Из них мы взяли сорок — на большее не было ни коек, ни каши, ни наставников, и Софья мне это доказала столбиком, а со столбиком её спорить дураков нет. Остальным — отсрочка до весны и письмо: место за вами, готовьтесь. Ни один, что характерно, не разревелся и не разобиделся. Порядок люди уважают, даже когда он им не в масть. Особенно когда.
Первое построение офицерского курса — так это теперь называлось официально — вышло в четверг, при полном ледяном солнце.
Сорок человек стояли на плацу — кривовато ещё, вразнобой, у половины шинели с чужого плеча.
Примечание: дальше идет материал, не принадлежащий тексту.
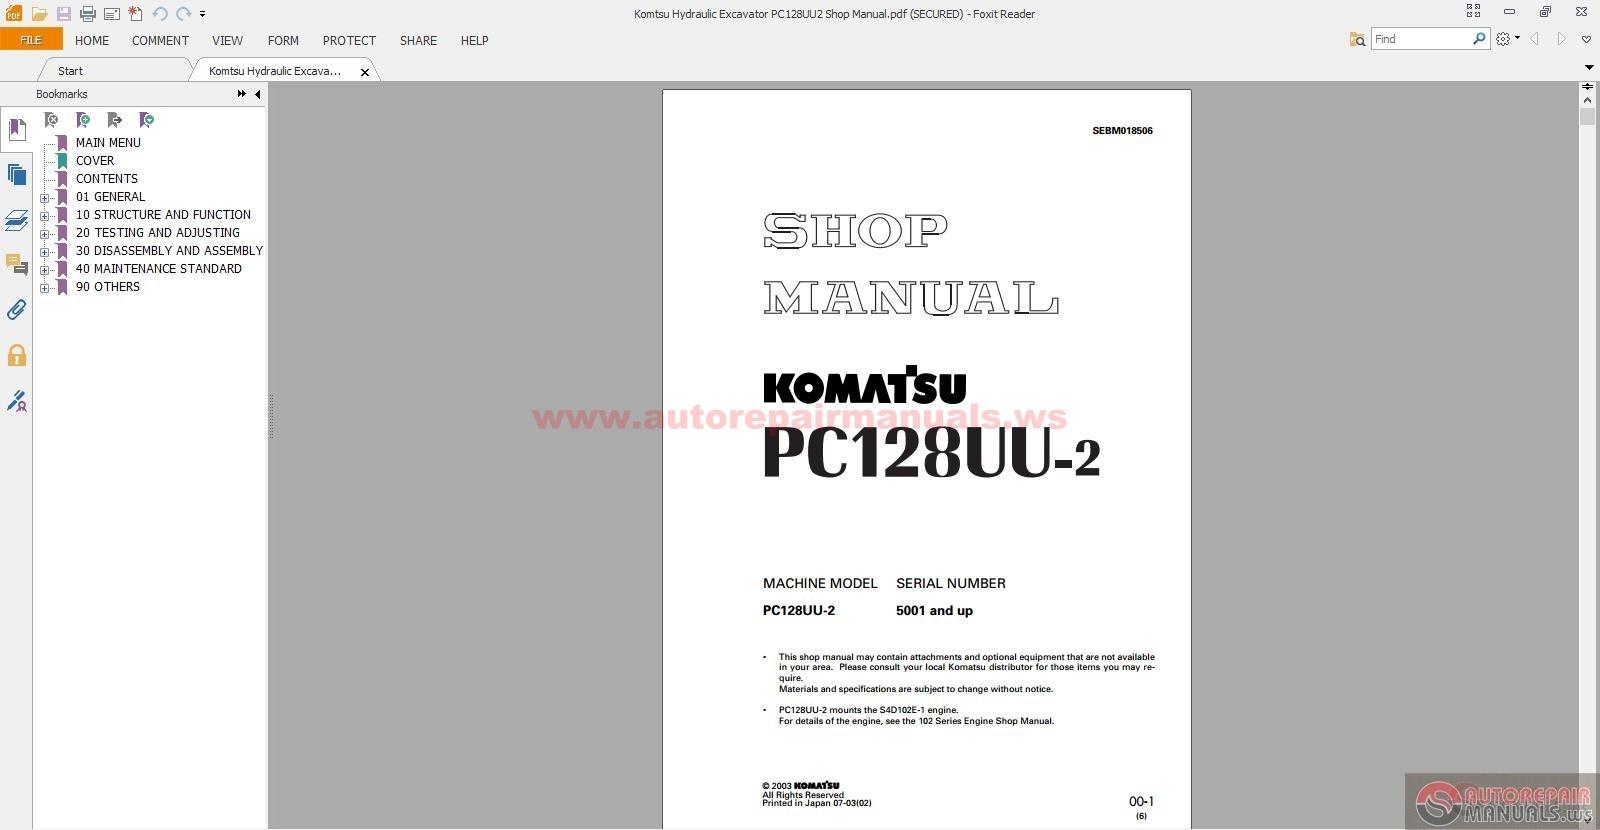 komatsu hydraulic excavator pc128uu2 shop manual auto. Black Bedroom Furniture Sets. Home Design Ideas

Обычные первогодки, глаза круглые, уши холодные. А перед строем и по флангам стояли мои. Наставники-ассистенты офицерского курса — по штату, по приказу, с довольствием. Гриша — полоса препятствий и огневая дисциплина. Софья — счёт, снабжение и, как она сама вписала в ведомость, «дисциплина ума». Тюфяк — инженерная подготовка. Аглая — наблюдение и «грамота следов», её собственный предмет, единственный в империи, программу утверждал лично Мещерский, ничего в ней не понял и утвердил с формулировкой «полагаюсь». Варя — аспектные занятия младших, под приглядом Волоховой.
Год назад эти самые люди были десятком «Ж». Литера «Ж» — я узнавал — означала всего-навсего седьмую букву, но вся академия расшифровывала её иначе, и расшифровку эту вслух при мне не решались… Ясли. Отстойник. Расформировать к зиме.
Вот вам и расформировали.
Я речей на построении не говорил — сказал четыре фразы, для протокола записываю все:
— Здравствуйте. Я Сокольцев, попечитель. Учить вас будут те, кто сам всё это прошёл год назад, — слушать их, как меня. Разойдись по расписанию.
И всё. А что тут ещё. Остальное — работа: полоса, каша, наряды, синяки, первое «мы» вместо «я» — оно само придёт, я знаю дорогу. Теперь — знаю.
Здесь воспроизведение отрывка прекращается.